Developmental delay and/or intellectual disability (DD/ID) 
affects 1-3% of all children and at least half of these are thought to 
have a genetic etiology. The genetic causes include microscopically 
visible chromosomal imbalances, copy number variants as well as 
point mutations. However, the genetic etiology remains unknown 
for at least 50% of all cases of DD/ID [1]. Diagnosis of DD/ID is 
challenging due to the broad spectrum of phenotypic presenta- 
tions, as patients with DD/ID often have congenital anomalies 
and/ or autism spectrum disorders. With the advent of massively 
parallel sequencing (MPS) or next generation sequencing (NGS), 
there has been expectation of an increased detection of the genetic 
causes of DD/ID. In particular, exome sequencing has been 
identified as an effective tool for discovery of new disease genes. 
However, many technical challenges remain including the uneven 
depth of coverage across the exome, gaps in coverage and 
mapping problems. In addition, there is the challenge of 
interpreting the clinical significance of the thousands of variants 
generated by exome sequencing. 

An alternative approach is to perform MPS with a targeted gene 
panel.
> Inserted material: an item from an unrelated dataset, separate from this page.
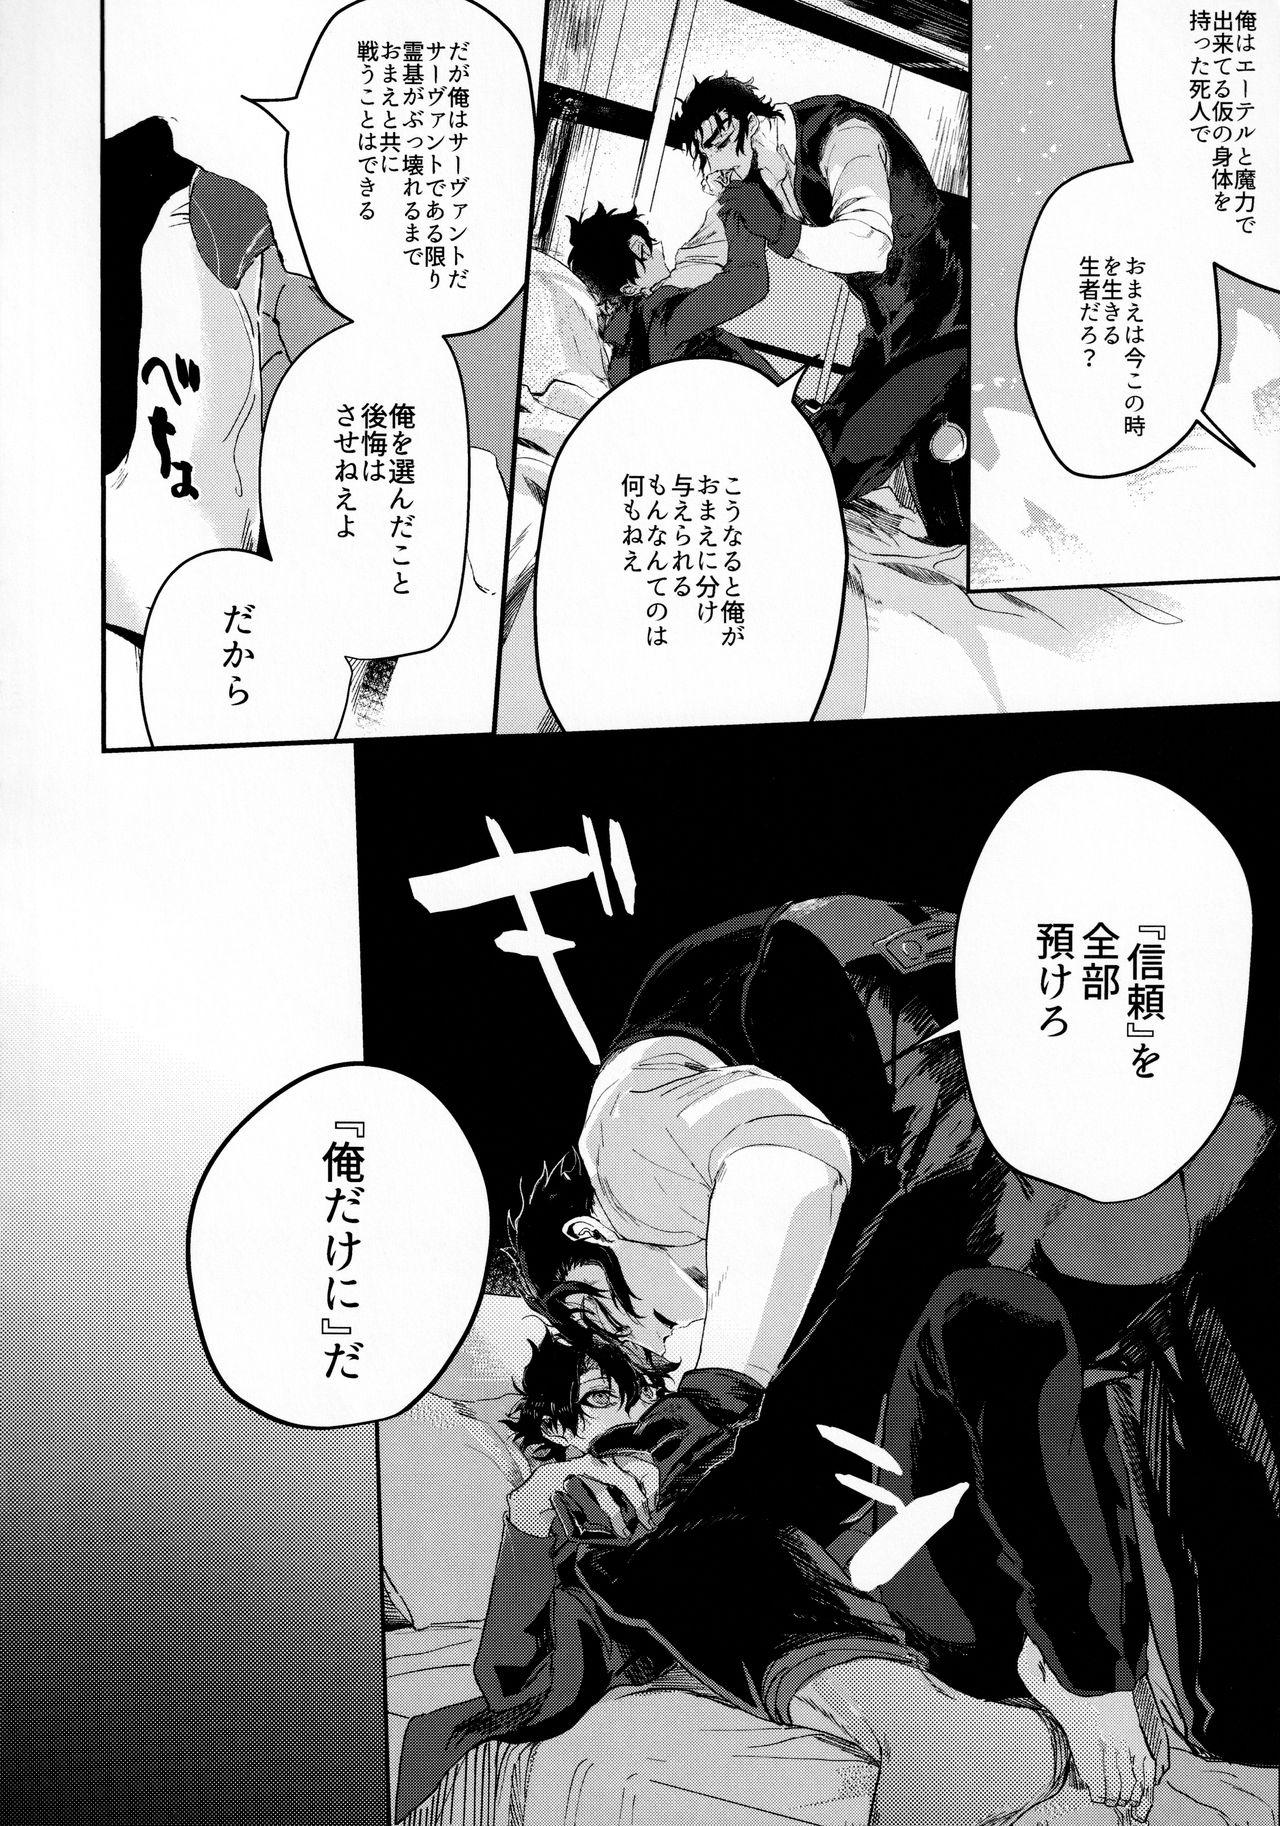 Desperate 耽溺と熱 - Fate grand order 18yearsold - Page 11

Studies using panels of targeted genes have been reported 
for various disease entities like cardiomyopathies [2] , hearing loss 



[3], epilepsy [4] and retinal disorders [5]. These studies have 
shown that targeted MPS is particularly suited for clinical 
diagnostic testing for genetically heterogeneous conditions where 
there are a large number of known candidate genes. 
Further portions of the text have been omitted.